The mixer-head 25 may be provided in the form of a nozzle having a portion thereof defining an exit mouth 26 which extends outwardly at the lower portion of the capsule. Means 22 may be provided as a piston-cylinder arrangement operatively connected to the cone protector sleeve 28 by way of a spring return dog catch 29 and energized by pressure fluids supplied under charging pressure from a pressure fluid tank through tubing upon actuation of injector means control valve 17. The piston-cylinder arrangement 22 may be preliminarily energized by actuation of control valve 17 before the start of the foaming operation in order to position the nozzle 30 in the well bore in an operatively expanded, selective manner to achieve proper delivery of foaming means to effectuate the intended treatment method. As an example, by utilizing an expandable resiliant cone of neoprene as the nozzle 30 and mounting an axially reciprocal sleeve 28 at the lower end of the capsule control by the operation of the piston-cylinder arrangement 22 and outwardly extendable to squeeze the exit mouth 26 of the cone, the capsule may be lowered in casing 2 and located and fixed in the subterranean site 3 while the exit mouth 26 is in a squeezed-over condition, whereupon the sleeve 28 can be retracted by remote actuation of control valve 17 and operation of piston-cylinder arrangement 22 to release the nozzle 30 and enable it to expand to its operative position. Said position may be in full peripheral engagement along the edge of the exit mouth 26 with the surrounding flow pipe 11, casing 2 or other well bore site as the case may be.
The charger-mixer-injector device 1 may be provided with check valve equipped feed line connector means 31, 32 and 33, such as quick disconnect lines equipped with respective one-way check valves to prevent reverse flow, to replenish the precursor ingredients in liquid tanks 13 and 14 and the pressure fluid in gas tank 15 as the case may be. Preferably, the disconnect lines for means 31, 32 and 33 are positioned at the upper end of the capsule for ready reception of enclosable flow connection with appropriate feed lines which would lead up the well bore 2 to a replenishing main supply (see FIG. 2) of the precursor ingredients and pressure fluid remotely located at the upper end 21 of the well bore. This addition allows the precursor ingredients 49 and 50 and pressure fluid 48 to be replenished in situ without having to retrive the charger-mixer-injector device 1. The device 1, however, can operate without the remote recharger device. Device 1 will also be provided at its upper end 34 with an electrical conduit feed line 35 to a power source 55 at the upper end of the well bore 21 for controlling valves 16, 17 and 18 and the motor operated impeller 20.

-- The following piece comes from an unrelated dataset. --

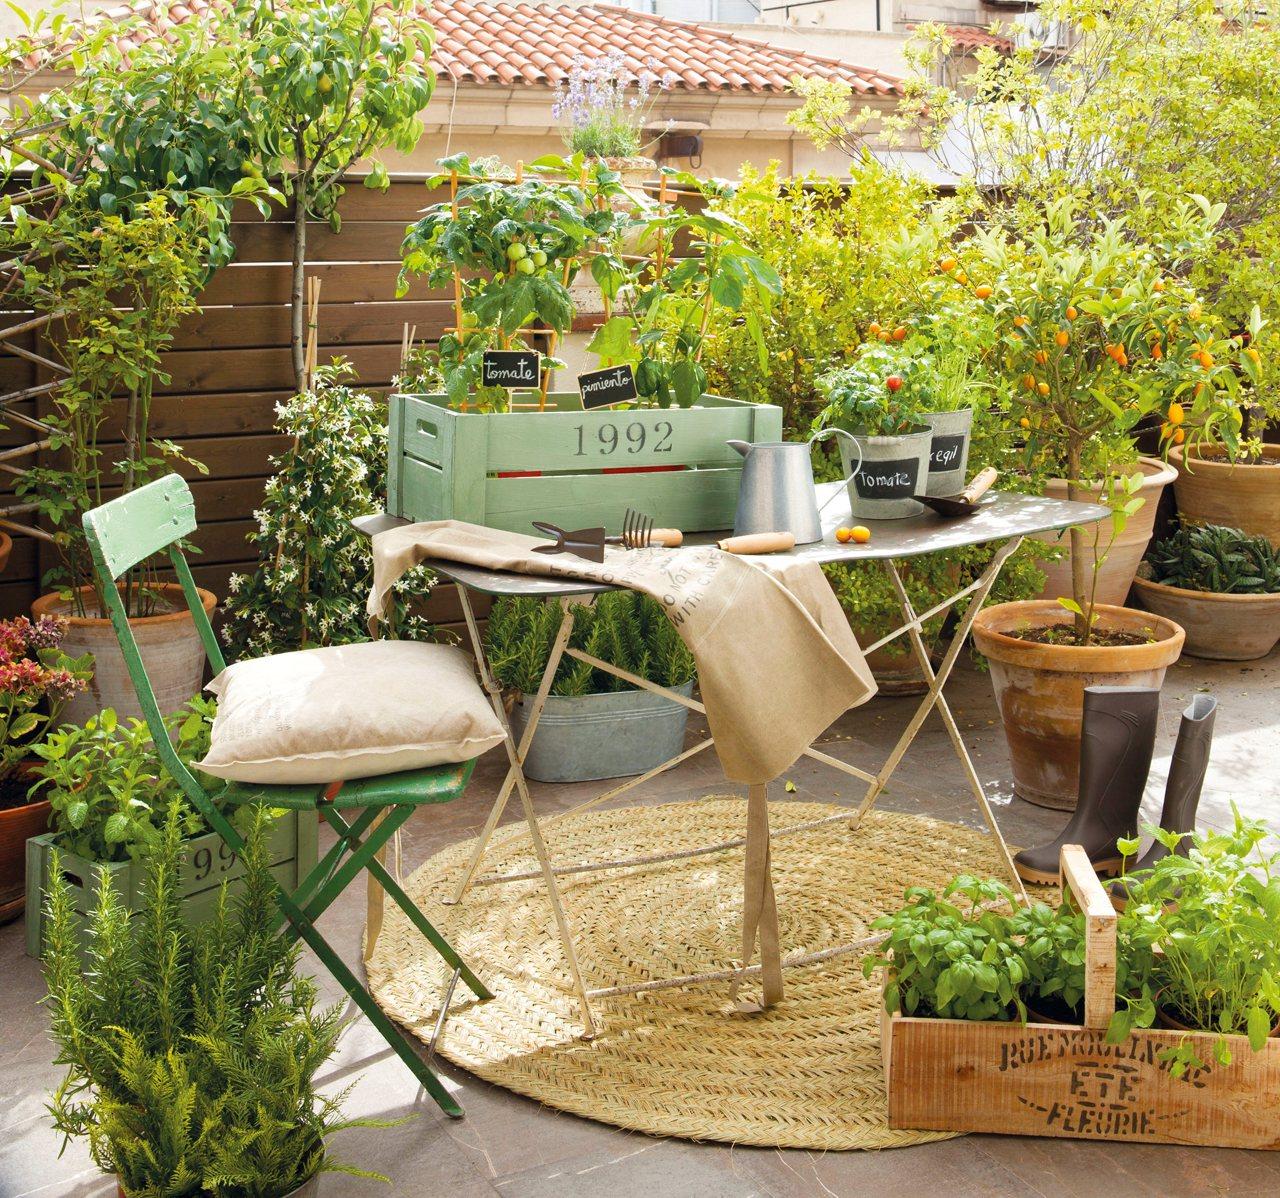 15 formas de aprovechar exteriores peque os - Huerto en la terraza ...
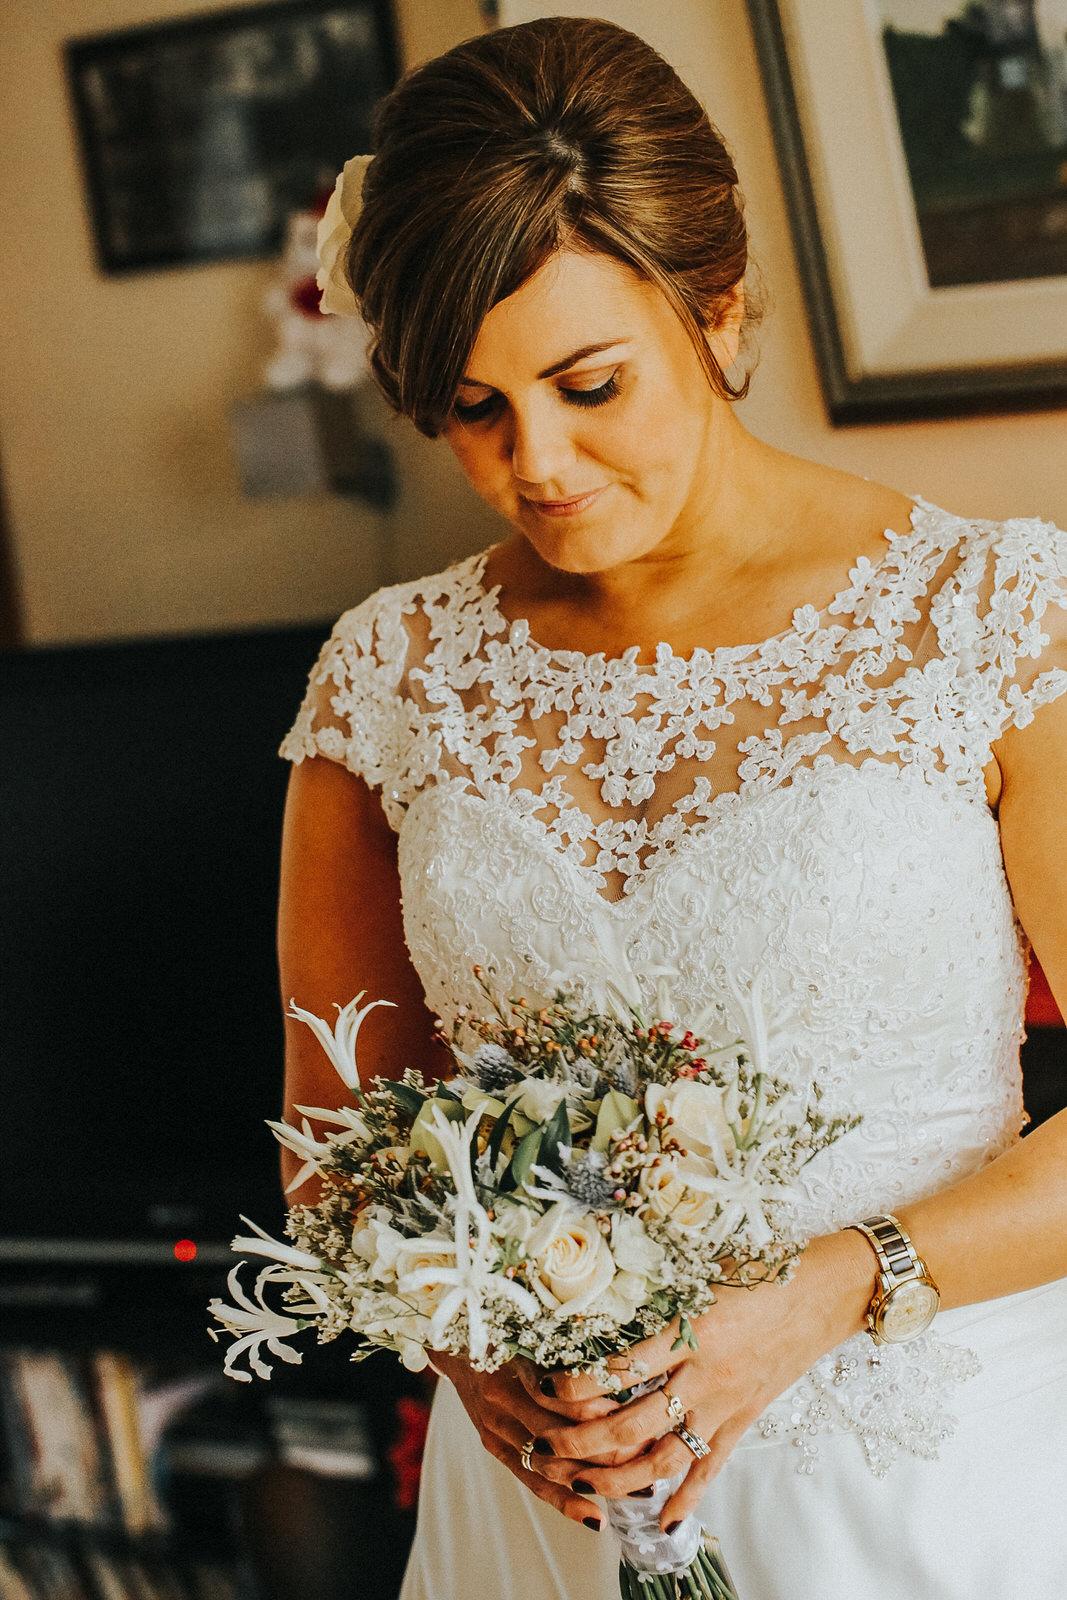 Roger_Kenny_wedding_photographer_Tankardstown_567.jpg

After the device 1 has been located and fixed in proper position in the subterranean site 3 via its suspending wire line, valve 17 may be actuated remotely to energize piston-cylinder arrangement 22 via nitrogen or other appropriate gas under charging supply of pressure from tank 15 to retract the cone-enfolding sleeve and thus release the cone 30 into full outward sealing engagement at its periphery with the surrounding internal wall of casing 2 for example. At any time, but preferably at or after the occurrence described in the preceding sentence, valve 17 may be actuated remotely to place accumulators 13 and 14 under the common charging supply pressure of the gas in tank 15. The gas acts as a pressure head at the gas-piston-liquid innerfaces of accumulators 13 and 14. Consequently, upon remote actuation thereafter of the motor operated impeller 20 and the valves 16 and 18, the precursor ingredients in accumulators 13 and 14 will be fed under corresponding elevative pressure to the chamber of the mixing means 19 and 20 for innermixing and for generating the curable resin foaming material which in turn is conveyed under such elevative pressure through the nozzle 30 and into the subterranean site 3.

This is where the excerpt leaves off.